Three female College Republicans at CU Boulder on Tuesday were denied their request for financial support from their student government to travel to CPAC, putting their plans in the lurch with the event just a week away.

Leaders of the campus College Republicans decried the decision as a violation of the school’s funding bylaws and an example of viewpoint discrimination in interviews with The College Fix.

College Republicans President Olivia Leyshock said she and her peers just wanted to “educate ourselves in something we find a passion and interest in, and that is what diversifies our campus.”

Leyshock said she’s not sure how she’ll get to the Washington, D.C.-based event now.
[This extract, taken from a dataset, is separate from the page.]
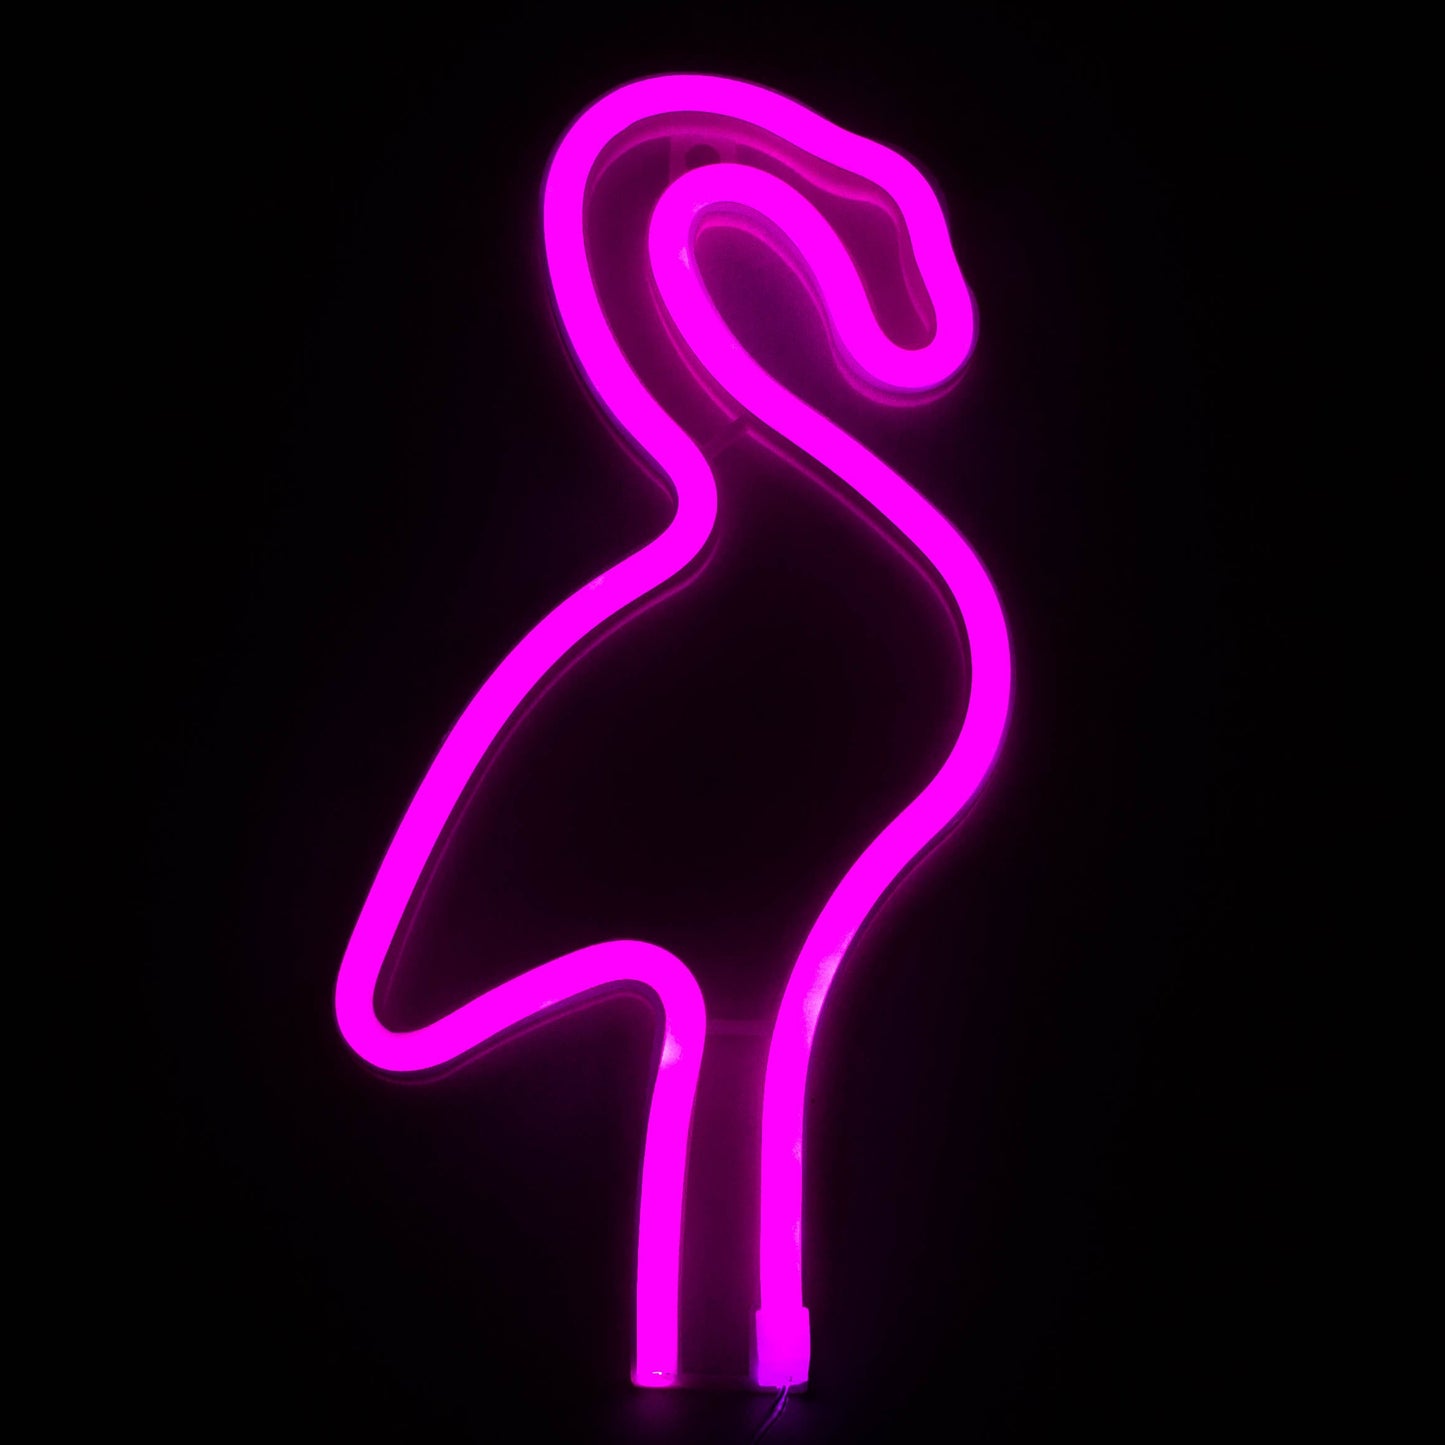 LED Neon Decoration Signs - Animal Collections_1
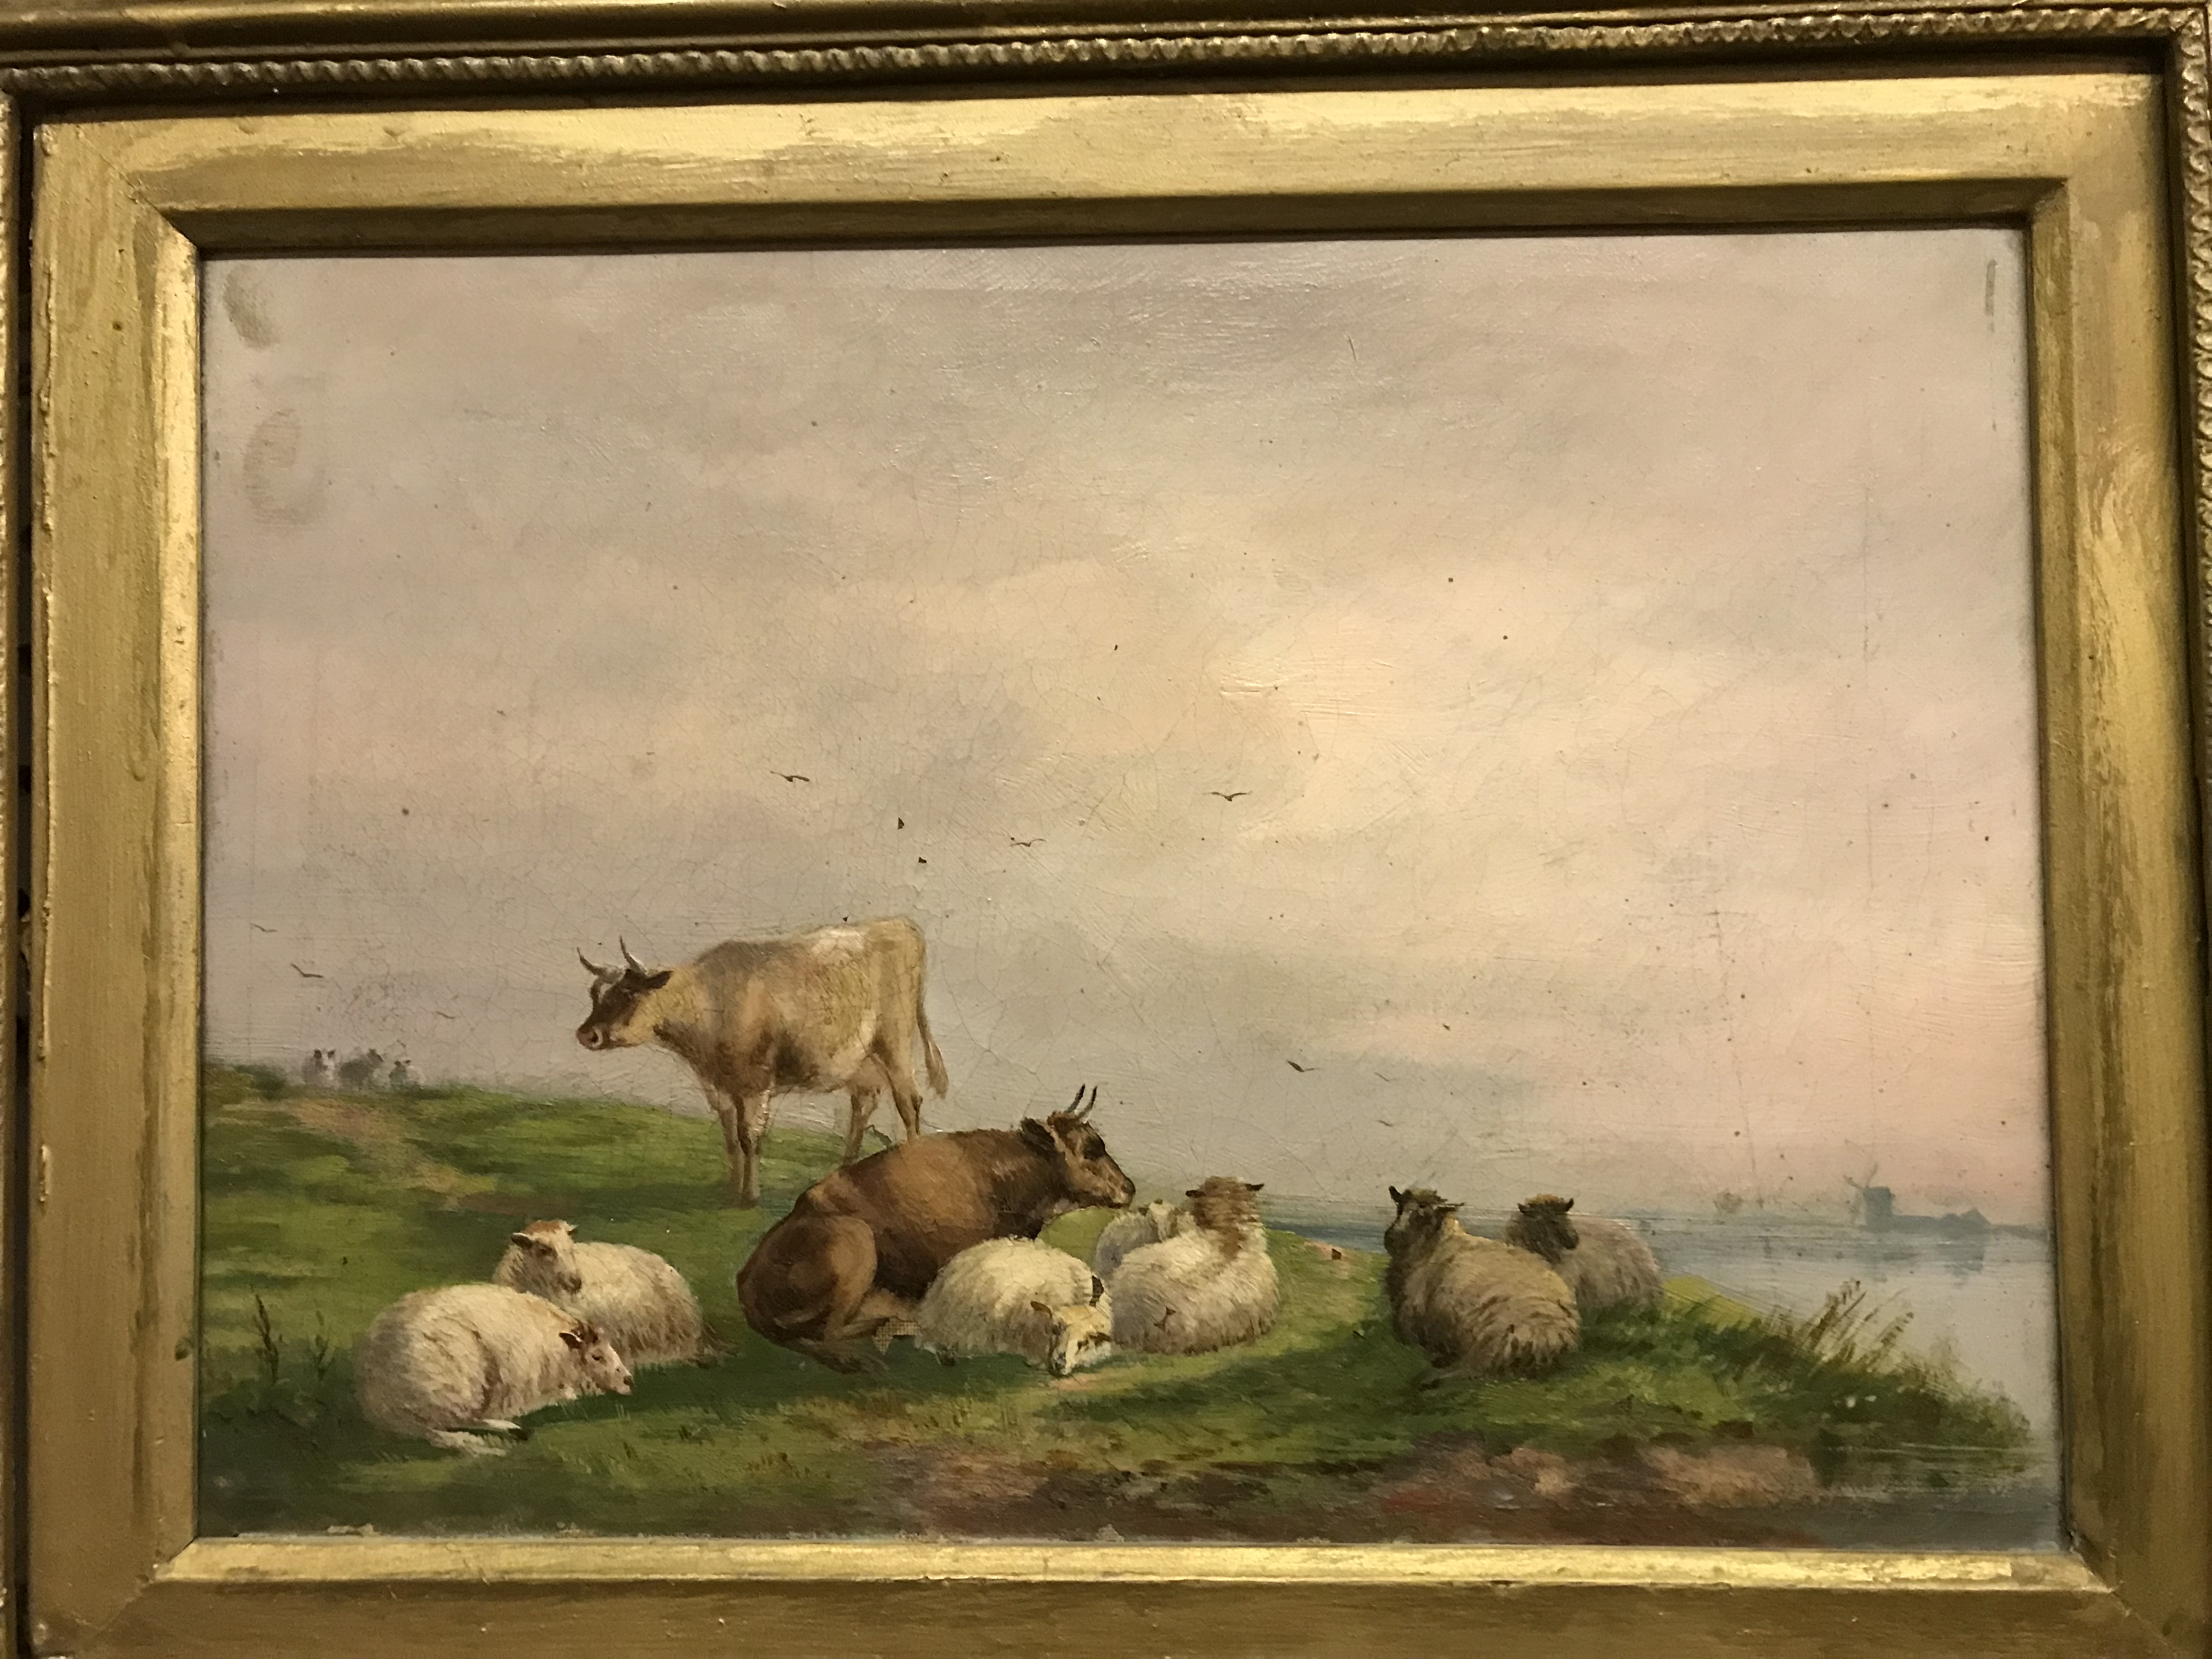 19TH CENTURY ENGLISH SCHOOL "Study of cattle by river with windmills in mid ground", oil on canvas,

“As a student, I am living paycheck to paycheck,” she said. “I don’t have the money to do this sort of thing.”

CU Boulder student Aslinn Scott, chairwoman of the Colorado Federation of College Republicans and a regular contributor to The College Fix, said she is upset by the decision.

“Here we have women stepping up to be the leaders of the College Republicans,” she said. “We all pay into the system, it’s all our student fees.”

“They are denying us a great opportunity. It’s inconsistent and unfair.”

CU Boulder College Republicans sought $800 to help shoulder the travel costs for Leyshock, Scott and another female student to get to the Conservative Political Action Conference, a three-day event that launches March 6. They planned to pay registration fees out-of-pocket. A fourth female student from CU Denver was set to come along.

Last week, the Arts and Sciences Student Government initially approved the funding request. But on Saturday, CU Boulder College Republicans were told that the decision would be overturned.

In denying the request Tuesday, student government leaders cited a campus policy which states that “fees may not be used in support of or opposition to political candidates or for political parties. Requests for student fee support of partisan political activities will not be entertained.”

“Unfortunately, your funding request does not satisfy this requirement,” Jerome Castillon, president of the Arts and Sciences Student Government, stated in an email to Scott. “I am aware that other student groups have received funding to attend partisan conferences and other political functions, but they were not funded by student fees.”

In response, Scott emphasized the money was sought only for travel, not to support a political candidate or party, adding no student-fee dollars would go toward supporting CPAC directly. She also told Castillon that CPAC is not an official event of the Republican Party.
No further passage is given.